Хотя, если разобраться, одну умную мысль Какака все ж таки из себя выдавил. За каким, интересно, лешим Шахову неверную дорогу к колдуну показали? Может, в свите Сикулуми никто не слышал про этого Зембенкулу? Или, наоборот, все про него знают, потому Андрею через брод идти и посоветовали? Хотели, чтобы они непременно встретились. А что – не так уж и глупо. Местные со Стражем связываться опасаются, пусть чужак порядок наведет. В случае чего его не так жалко будет. Правда, не похоже, чтобы вождь и своих-то сильно жалел. Ну, так не один он такой.

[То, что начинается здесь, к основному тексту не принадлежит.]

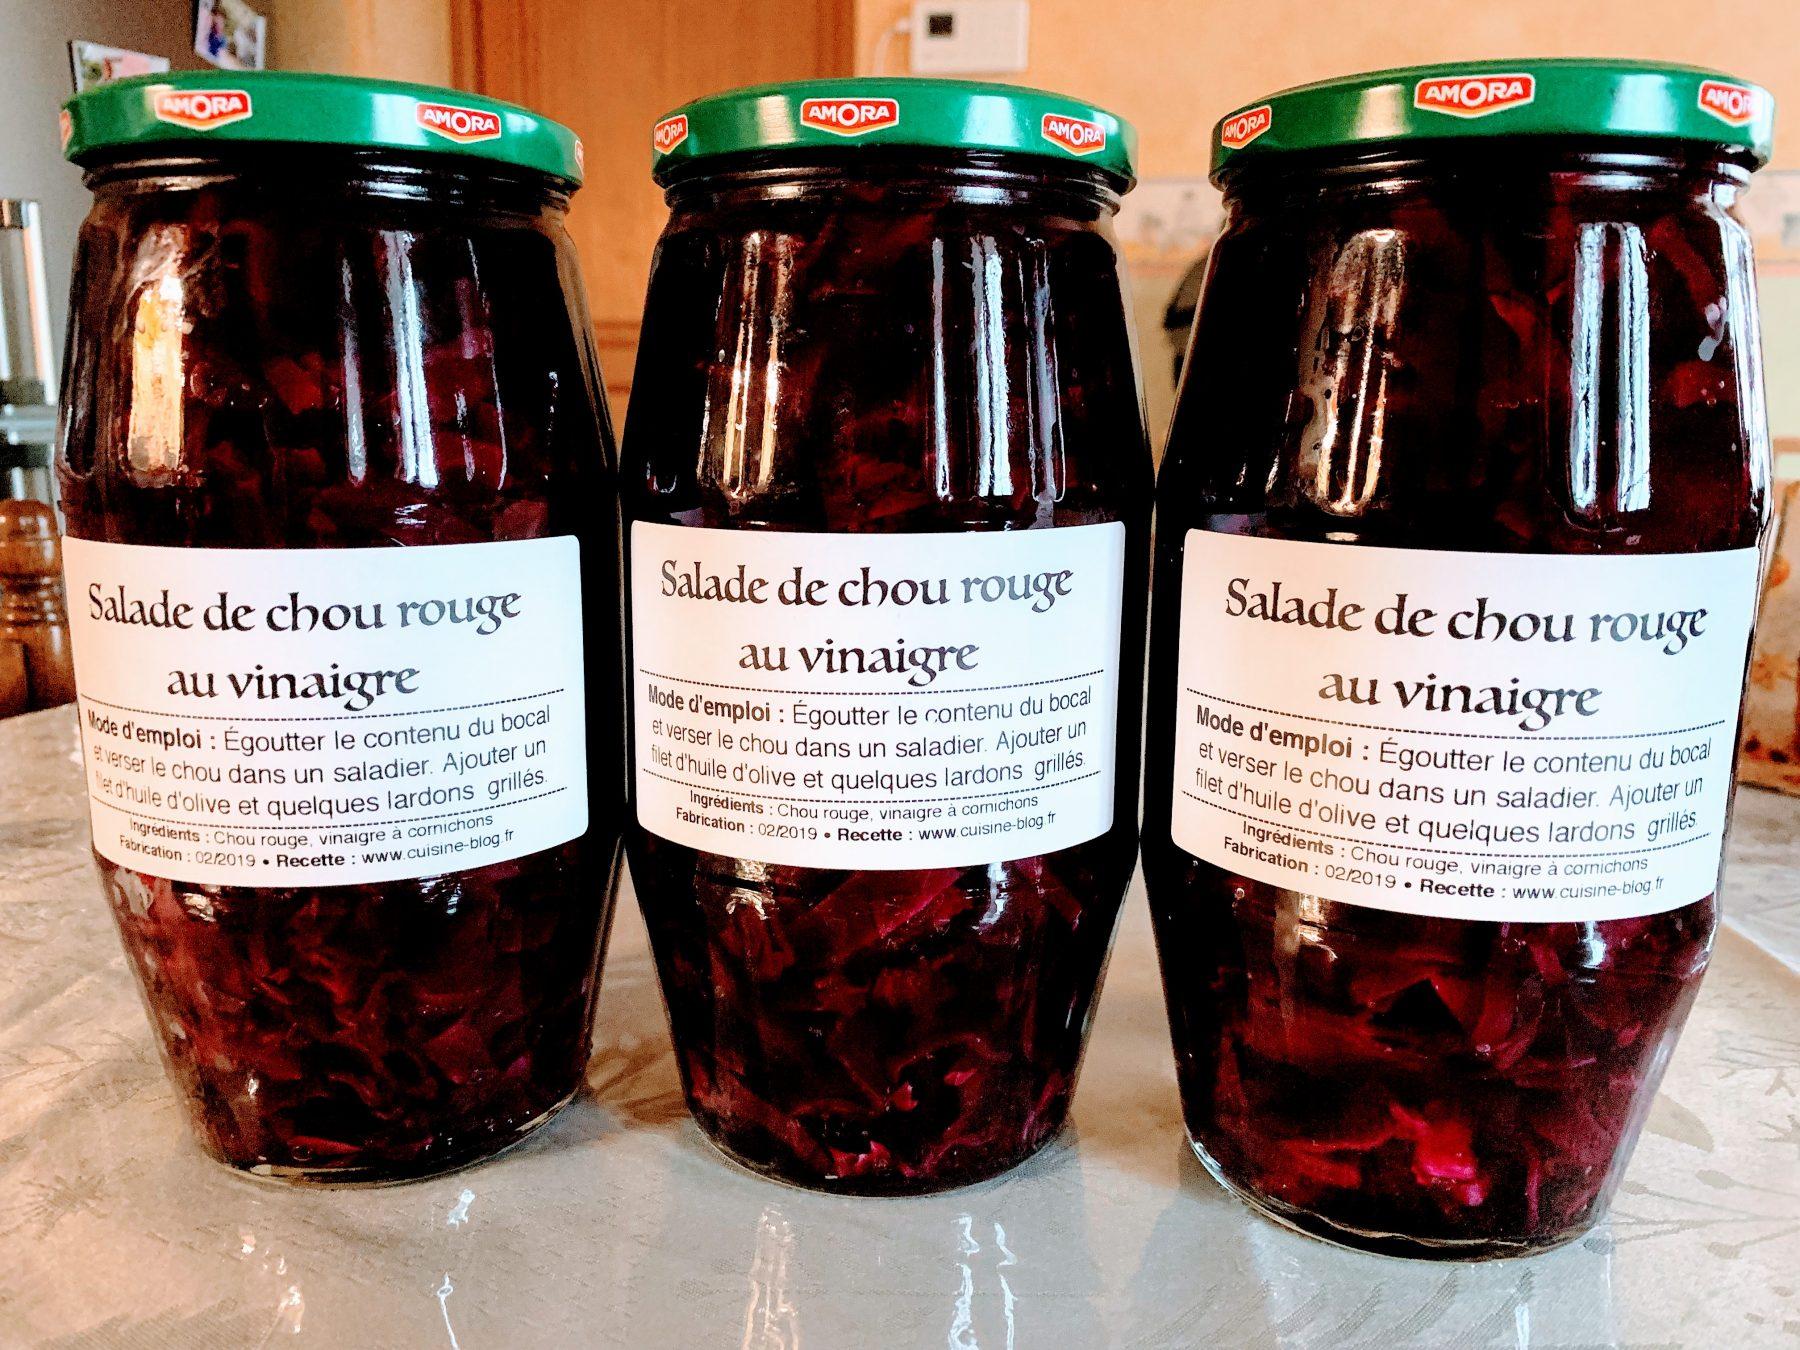 IMG 6009 - Salade de chou rouge au vinaigre

Да и Шахов все равно с заданием справился – всех врагов перекалечил, переправу обеспечил. Обидно только, что его опять втемную использовали. Но возвращаться и требовать платы за работу не хотелось. Хотелось, черт возьми, домой. К родным березкам, стриженым газонам и «мерседесам». Или даже к какой-нибудь задрюченной, набитой под завязку пассажирами маршрутке, воняющей некачественным бензином и перегаром. Это ж привычная вонь, своя, русская!

Андрей остановился на взгорке и принюхался. В чужой африканской саванне пахло тоже отнюдь не розами. Пахло горелым деревом. Не легким дымком от костра, а гарью, пожаром. И чем-то еще, трудноуловимым, но особенно неприятным. И доносился запах с той стороны, где, по расчетам Шахова, должен был находиться крааль Бабузе. Совсем близко должен находиться, километрах в двух-трех. Ошибиться на большее расстояние в стране кумало сложно – десятилетний пацан ее за два дня из конца в конец пройдет. При мысли о детях Андрей забеспокоился еще сильнее и рванул на запах со всех ног, не разбирая дороги, через кусты и овраги.

Он быстро сбился с дыхания, пару раз споткнулся, на ходу громко и от души выматерился и от этого стал дышать еще тяжелее. Гулко отдавались в висках удары сердца, суматошно скакали в голове мысли. Нет, не может быть! Мало ли что этот бздиловатый Какака рассказывает. Да и далековато отсюда до сожженного крааля Кукумадеву. С какой радости разбойники сюда попрутся? Может, это просто кустарник где-то поблизости выгорел. Ведь росли же возле становища кузнеца какие-то кусты. Зачем сразу о плохом думать? Может…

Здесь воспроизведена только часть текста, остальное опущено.